These days, if you're a business, content is among your greatest assets. Regardless of what vertical you're in, you're in the business of solving problems. Content serves as a key resource to communicate value, demonstrate your expertise, and build relationships with prospective or existing customers.

Businesses are recognizing the value content can bring to their organizations, and they're spending increased amounts of their budgets on content production.

Though marketing departments understand the benefits of content marketing, they struggle to articulate content's return on investment (ROI) to internal stakeholders or to apply any strategic lessons learned.

Content should never be for content's sake

All content produced should be through the lens of strategic objectives. All content should serve business goals. Ryan Skinner, senior analyst at Forrester Research emphasizes this when pointing out the differences between brands and publishers.

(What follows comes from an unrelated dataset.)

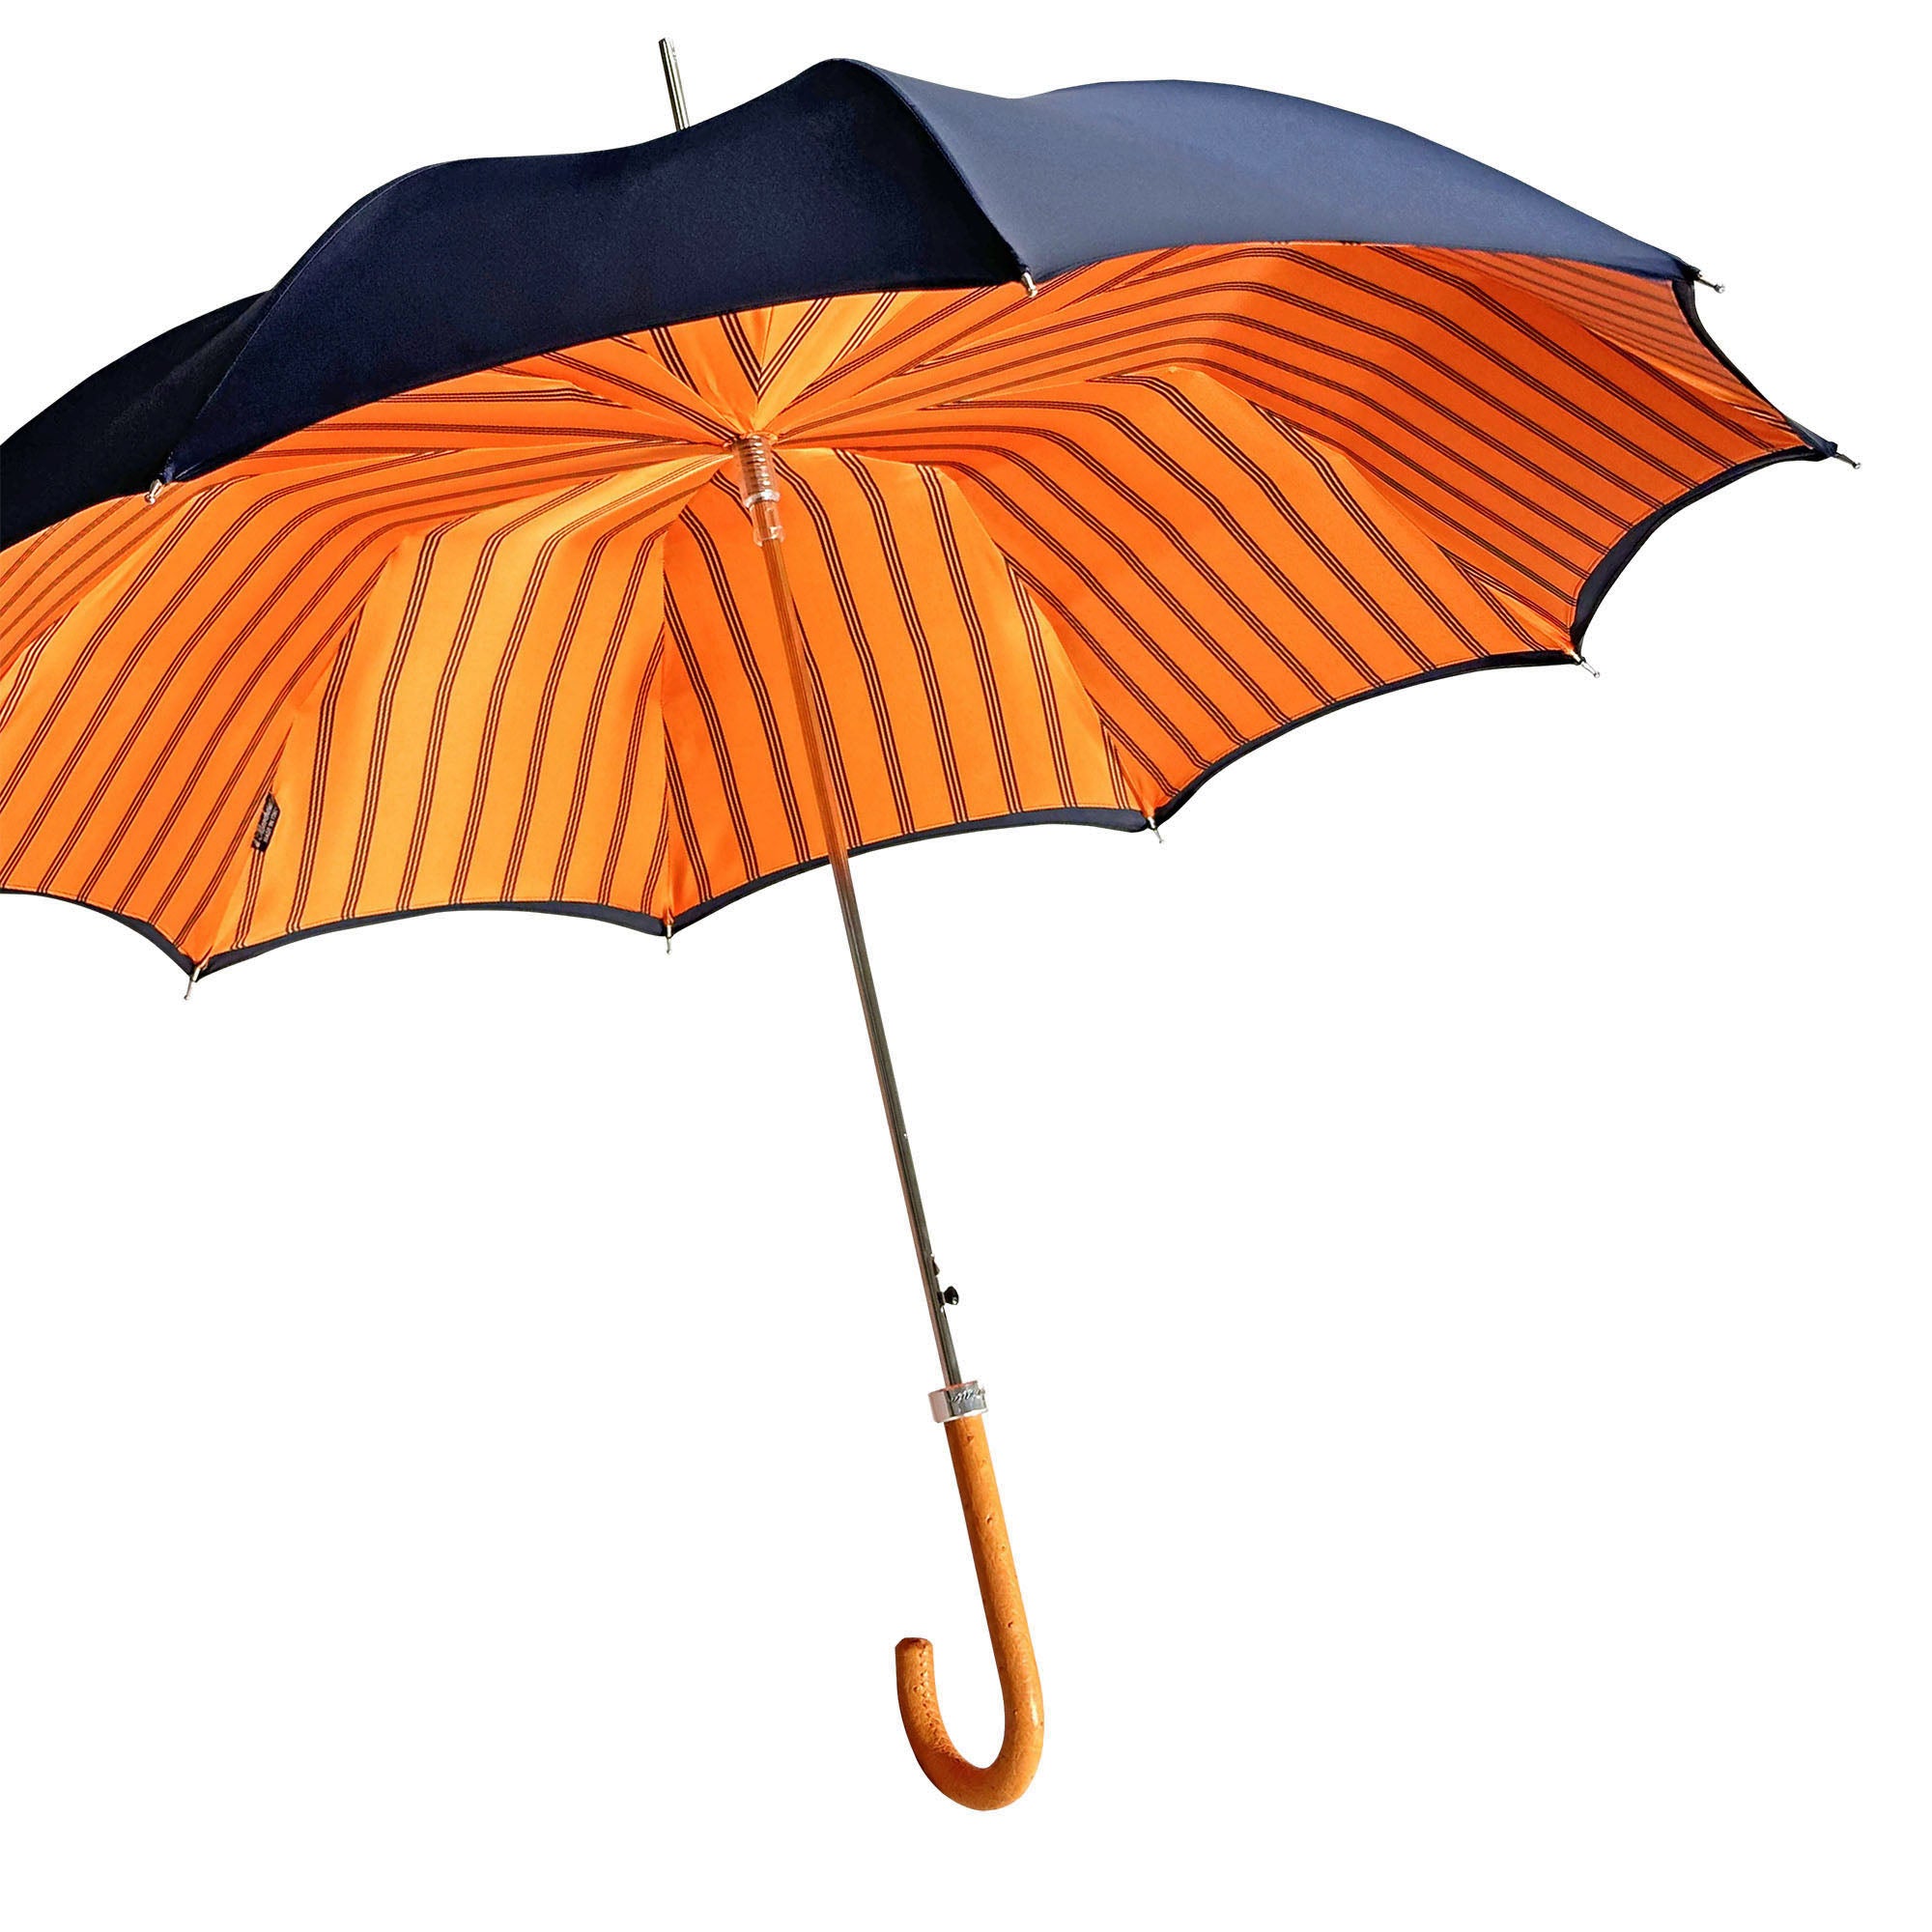 Elegant Man's umbrella with orange ostrich eather handle

Publishers' "attention as a product" does not apply to content marketing, he states. Likes and shares, he points out, are not sufficient on their own. They must contribute to ROI.

"In many instances, that 'make content worth reading' commandment becomes an excuse for confused marketers and greedy agencies to play media magnate and accumulate 'likes' to no purpose," Skinner writes. Rather than thinking like publishers, for whom readership is the end goal, Skinner advises the modern marketer to remember that "[she or he] has to earn the interest of her market, and has a tremendous new arsenal of insights, channels and resources to do that."

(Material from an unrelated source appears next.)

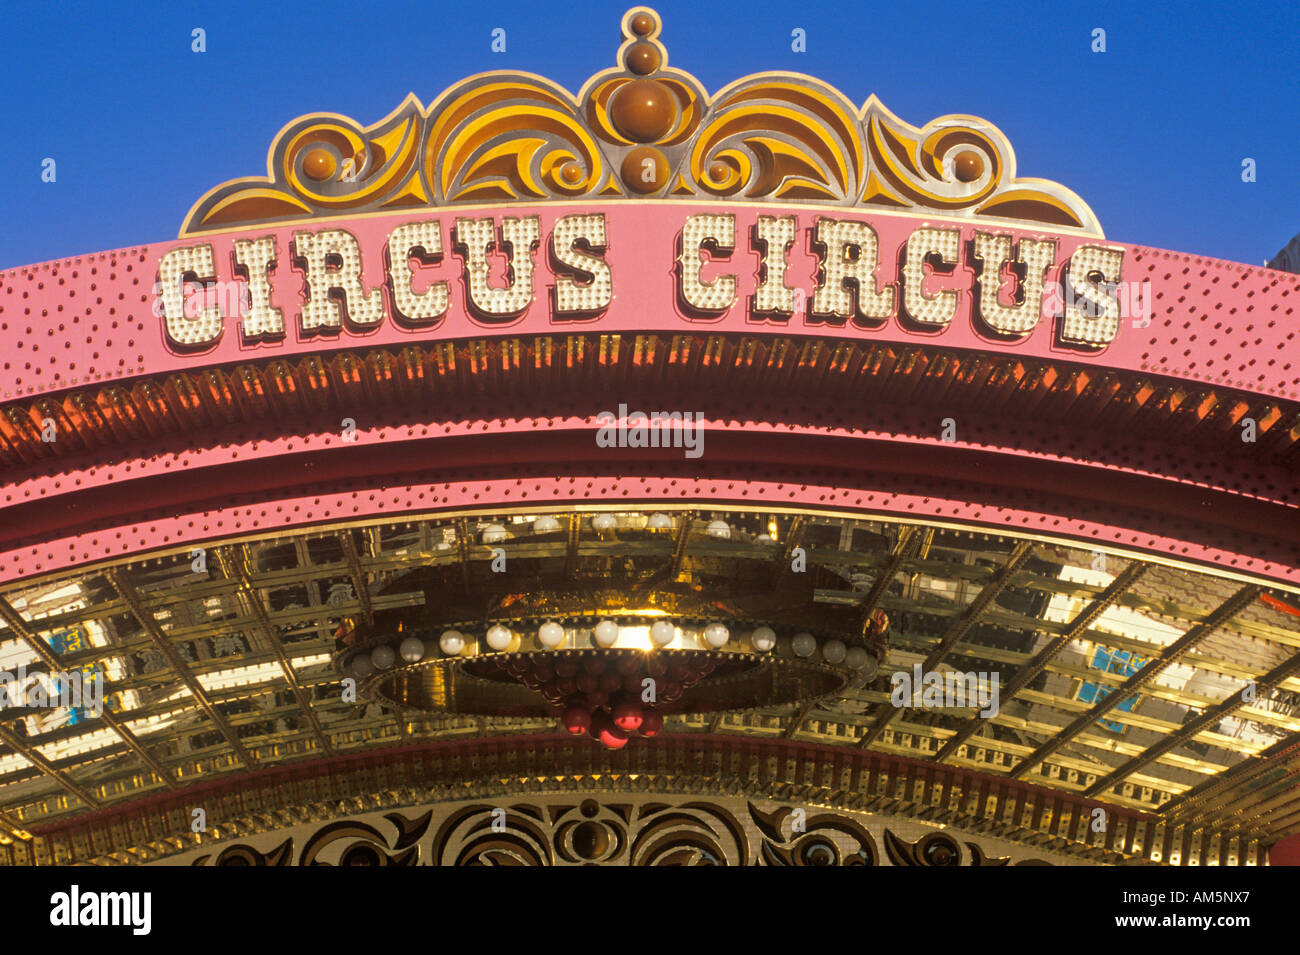 Circus Circus Hotel and Casino Las Vegas NV Stock Photo

Content marketing strategy needs to be measured by how well content serves business goals. Those goals might vary by department, target audience, or marketing initiative—but should nevertheless provide actionable insights on content effectiveness.

As content becomes increasingly central to business processes, Web content management software should be more than a productivity tool publishing content to channels. It should be an ROI machine, communicating content's performance and contributing to the overall goals of the business.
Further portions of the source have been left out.